Three seemingly separate stories interweave: the Monkey King, a deity who refuses to accept he is a monkey; Jin Wang, a Chinese American boy navigating white suburban middle school; and Danny, an all-American teen humiliated by annual visits from his grotesque Chinese cousin Chin-Kee. In a stunning convergence, the three strands reveal themselves as one story about shame, identity, and the cost of trying to be someone you are not. The Monkey King is Wei-Chen's father, Chin-Kee is the Monkey King in disguise, and Danny is actually Jin — who transformed himself to escape his Chineseness.

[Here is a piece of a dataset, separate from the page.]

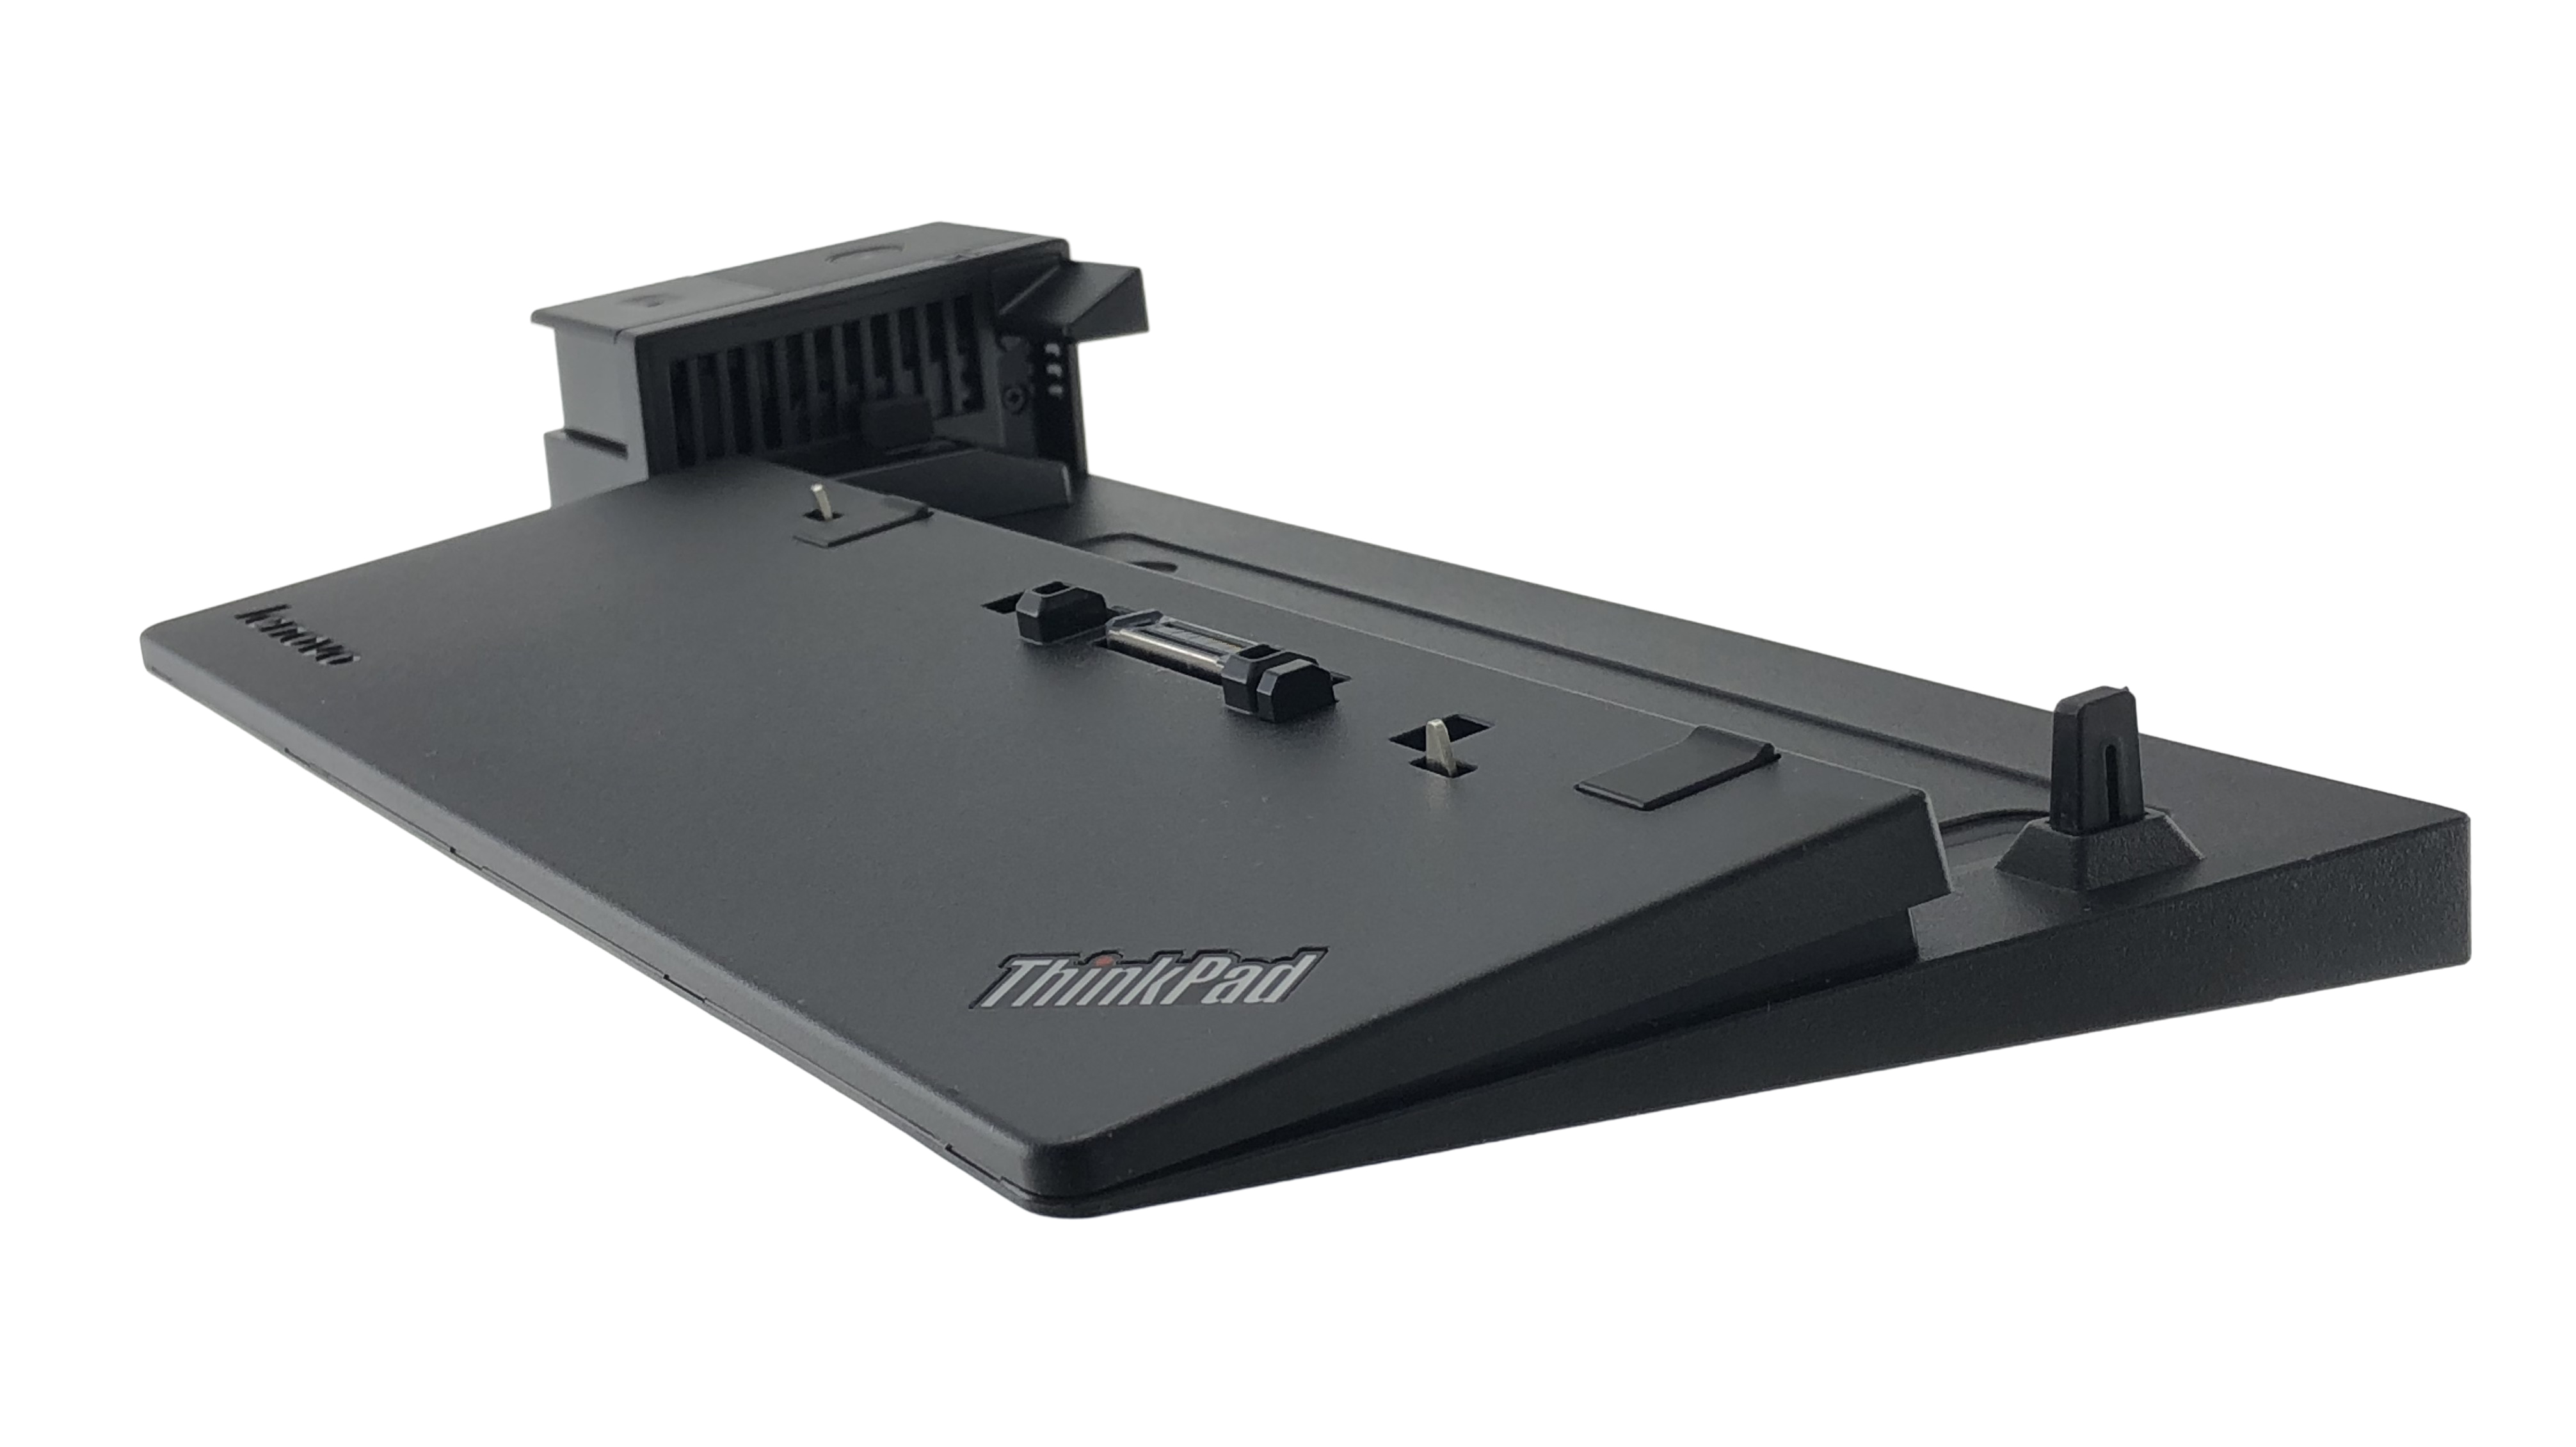 ThinkPad L440 ThinkPad L450 ThinkPad L460 ThinkPad L470 ThinkPad L540 ThinkPad L560 ThinkPad L570 ThinkPad P50s ThinkPad P51s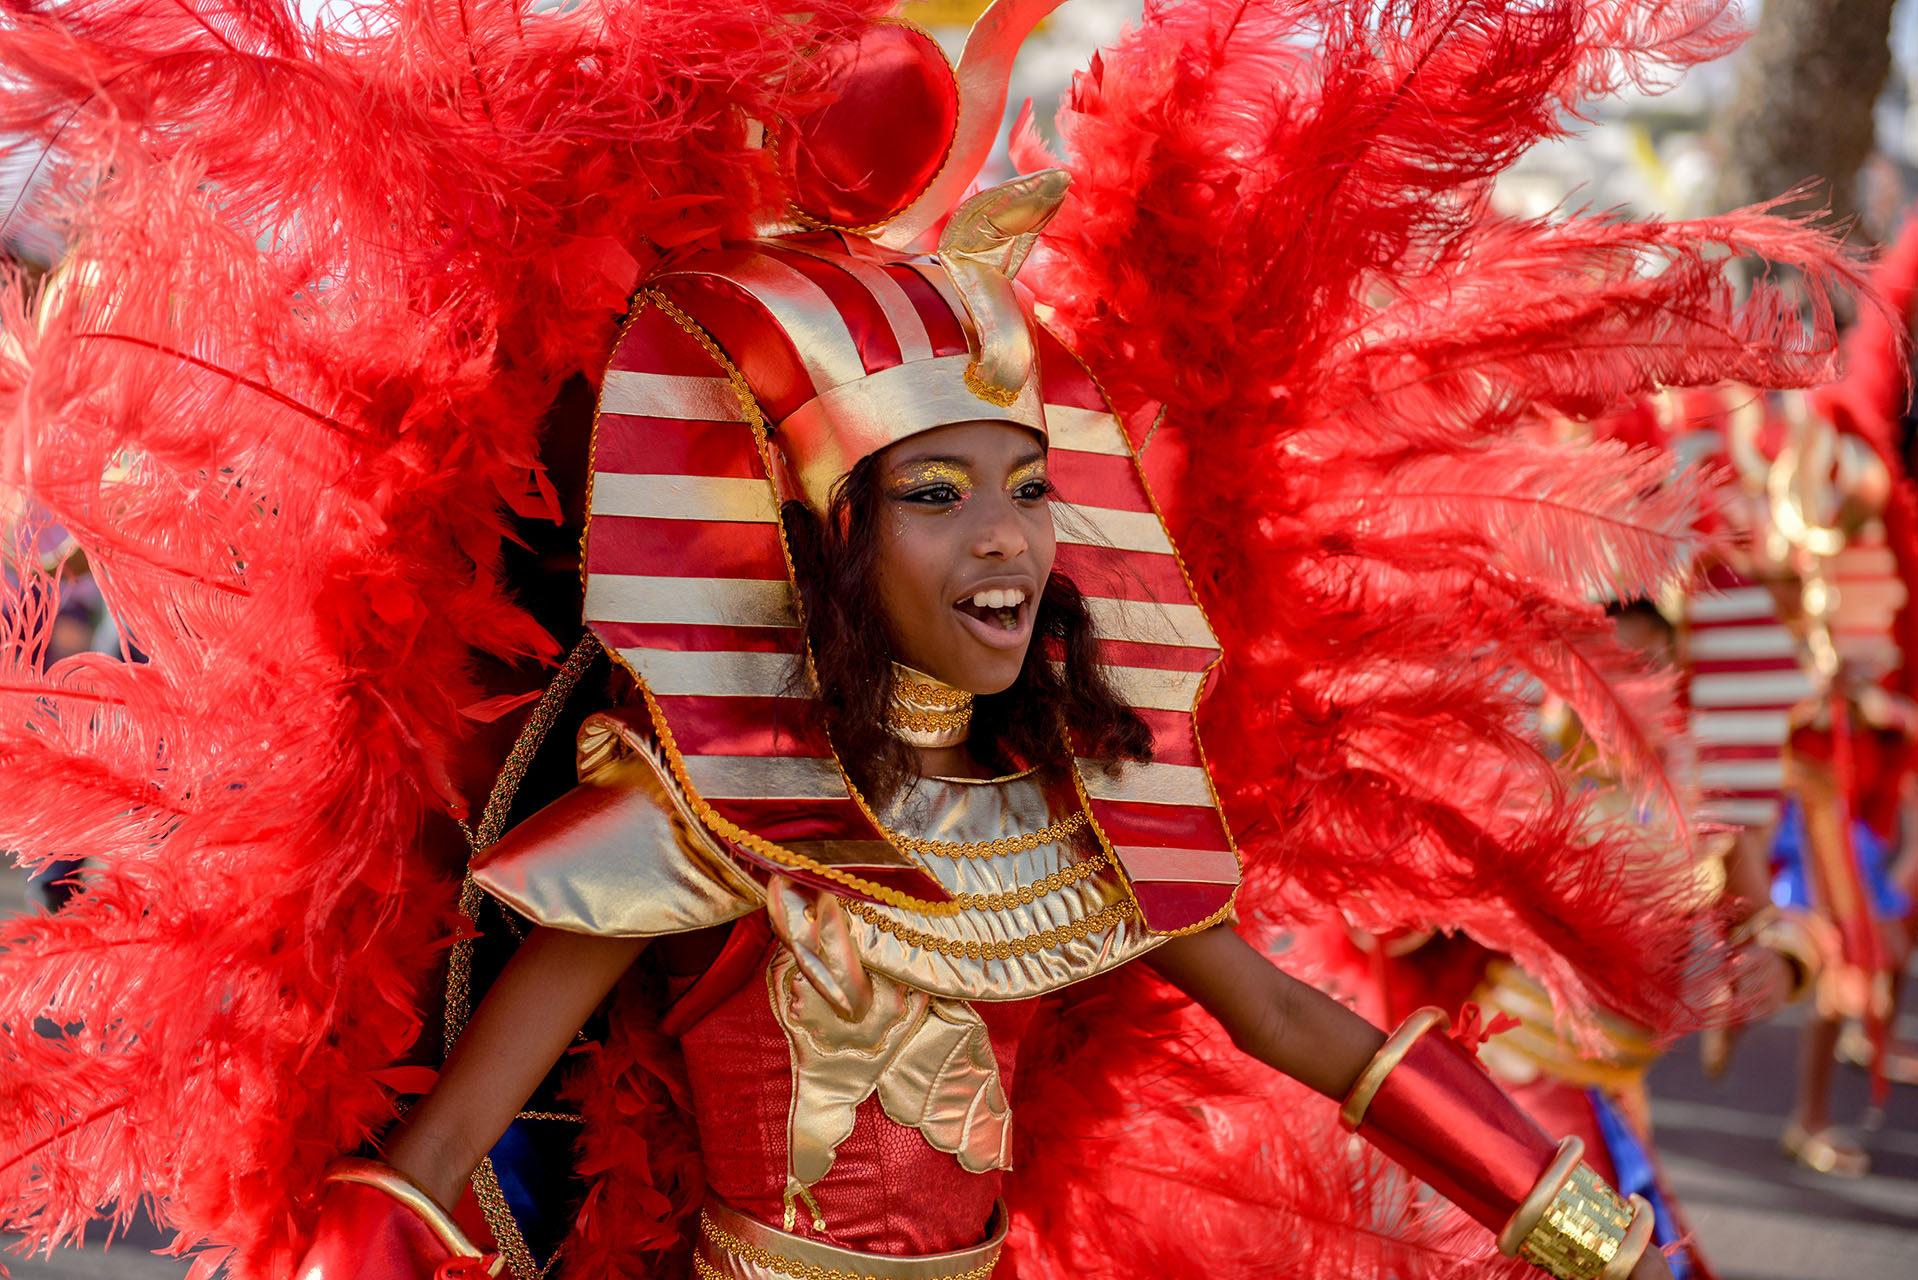 photographe-maya-angelsen-evenementiel-voyage-ile-de-france-carnaval-mindelo

Acceptance of self, the novel argues through both myth and realism, is the only path to wholeness.

Detailed Summary

Gene Luen Yang's American Born Chinese braids three narrative strands that appear unrelated until a climactic twist fuses them into a single meditation on racial identity, self-hatred, and transformation. The first strand retells the Chinese legend of the Monkey King, ruler of Flower-Fruit Mountain...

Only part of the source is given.